Portable nuclear magnetic resonance (NMR) spectroscopy and relaxometry are ideal technologies for providing process control in real factory environments. Real time process control improves the economics of chemical reactions in both batch and flow modes as product yields are increased. This work does not consider the less challenging method of factory analysis by introducing small flow rates (low Reynold’s number), slip streams or periodic mixture sampling followed by offline laboratory investigation. Rather, this work focuses on bringing the instrument to the factory to explore chemistry in native factory infrastructure, including high volume metal pipes with turbulent (Reynold’s number > 4000) flowing mixtures. NMR has already been used to study high viscosity industrial products undergoing laminar flow (Reynold’s number < 2000) e.g. toothpaste, detergent, tomato paste.[1,2] This work extends NMR to the study of turbulent mixed systems and both magnetic resonance imaging and immediate response, relaxometry based approaches to process monitoring will be presented. Results from the flow cavitation extraction of biomass serve as a benchmark example of this work as it was noticed that both the nuclear spin relaxation properties and sample viscosity of the biomass water mixture change during batch mode, ultrasound assisted extraction. A hydrodynamic, flow cavitation extractor based on industry standard designs was built and interfaced to a low magnetic field, permanent magnet based, NMR imaging system to determine at what flow rates conventional spin echoes and single point images fail.
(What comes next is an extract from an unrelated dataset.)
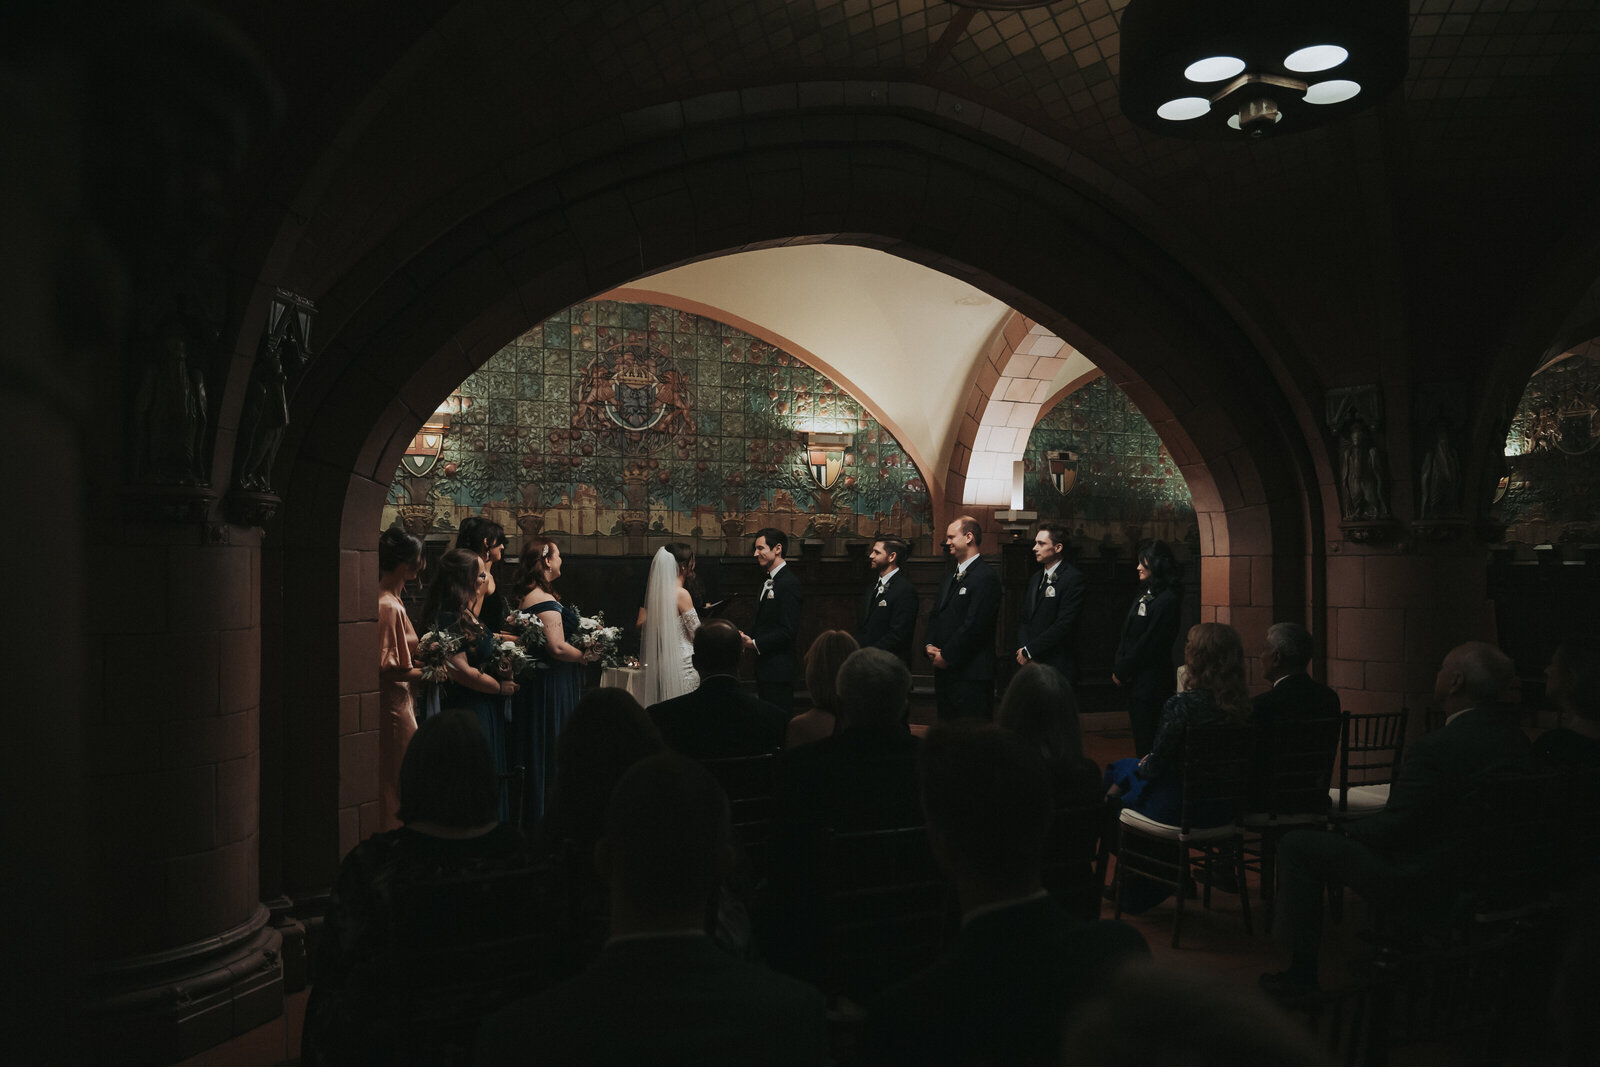 Wedding ceremony in the Rathskeller Room in The Seelbach Hotel

More importantly the extractor provides the landscape for developing new and resurrecting forgotten methods of NMR flow characterization that work in samples with Reynold’s numbers exceeding 4000. Finally, the details of an inexpensive, portable instrument which is suitable for this factory environment project will be provided.
References:
1. Kim, S; Garvey, C; Leary, T; McCarthy, M. Real Time Monitoring of Tomato Concentrate Processing Using RF Sensors. Advanced Nondestructive Evaluation II 2008.
2. McCarthy, M. J.; Bobroff, S. Nuclear Magnetic Resonance and Magnetic Resonance Imaging for Process Analysis. Encyclopedia of Analytical Chemistry 2006.